Я услышал тяжелый звук выстрела, но ничего не произошло. Я отложил пистолет на стол и взглянул на себя в зеркало. Оно смотрело с невинным видом, как будто не подозревая, о чем речь. Бледный юноша с серьезным выражением лица, того самого типа, которого обоснованно боялся Цезарь. Чистая белая рубашка напоминала японский флаг. Красное пятно медленно ползло книзу. Забавно, что это оказалось ничем, подумал я.

 

Я услышал тяжелый звук выстрела, но ничего не произошло. Я подошел к окну и увидел город в снегу. Он смотрел с невинным видом, как будто не подозревая, о чем речь. Все было серым и неподвижным. Даже свет, который пропускали через себя облака, был каким-то грязноватым. Я прижался лицом к стеклу и дохнул на него. На стекле ничего не осталось. Как мгновенно это случается, подумал я. Оказалось, что это окончательно.

 

Я услышал тяжелый звук выстрела, но ничего не произошло. Я набросил пиджак на плечи и шагнул в людскую толчею улицы. Она смотрела с невинным видом, как будто не подозревая, о чем речь. Серые торопливые лица, на которых даже пропущенный сквозь тоску смех был каким-то бессознательным. Я сделал пару легких шагов по тротуару. Забавно, что никто не обратил на это внимания. Это утешает, подумал я.

Катариина Вуоринен

ЭДИТ ЦЕЛОВАЛА МЕНЯ В ГУБЫ

Я беру его в руки за толстую голову

 

Мужчина как мороженое: полизать, подержать

неплохой механизм с собачьими рефлексами

Ритуал исполнен

путь прорастанию семени закупорен:

гадостно до глубины

 

Рождественские звезды зацветают в темноте.

Слякотный месяц: тараканы на посудной мойке

стучат тысячами ножек.

Стою у цветочного горшка, привыкаю к новому жилищу,

от запаха наглеешь,

как когда нарываешься на поцелуй,

хна окрашивает кожу.

НАЧАЛО НЕДЕЛИ

Чистое стекло под органом, наливающимся кровью,

от холода саднит губы, в банке кактус,

на коже озноб, ничего нового.

 

Послеобеденное время как вяленая ветчина,

пониженное давление плотного вина и оливок.

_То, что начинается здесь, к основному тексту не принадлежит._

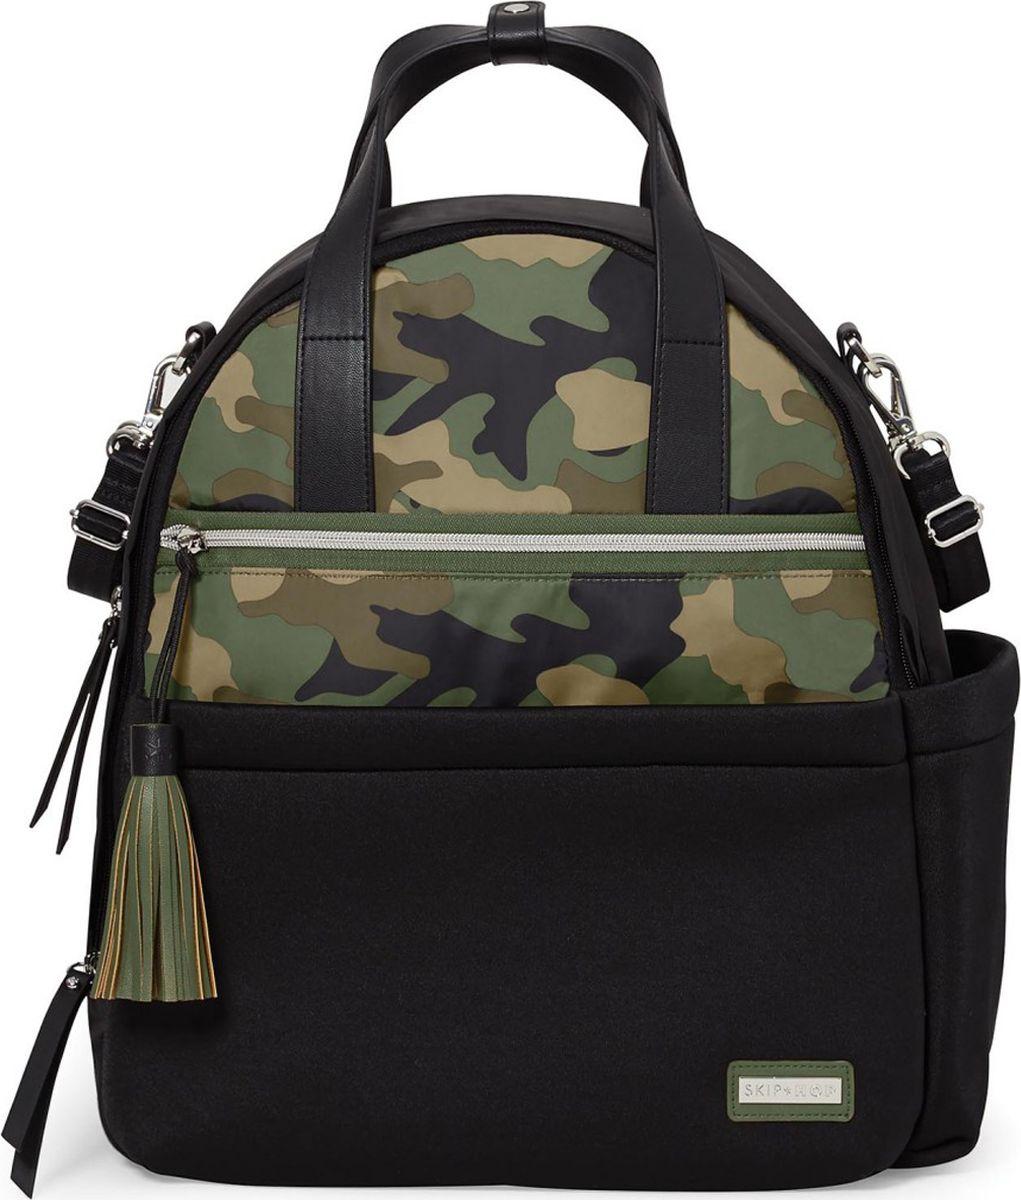 Skip Hop Рюкзак для мамы Nolita Neoprene Diaper Backpack цвет черный зеленый SH 204303 backpack diaper bag

На новом языке мы яростнее рвемся друг к другу,

побрякушки и застежки брошены на стол.

 

Прохаживаюсь как бог в ванной среди одежды,

ты на мне кончаешь, обладание, женское роскошество,

зажмуриваюсь и прыгаю.

 

Обласканные части — порномагазин.

Воск для свечей, кукол, насекомых,

оторванные ребра пойдут на столовые приборы,

клетки сойдутся вместе, как лук и говядина.

Хмель — вповалку, в обнимку, друг на друге.

Силья Ярвентауста

* * *

Птицы обитают на море, на земле и в воздухе.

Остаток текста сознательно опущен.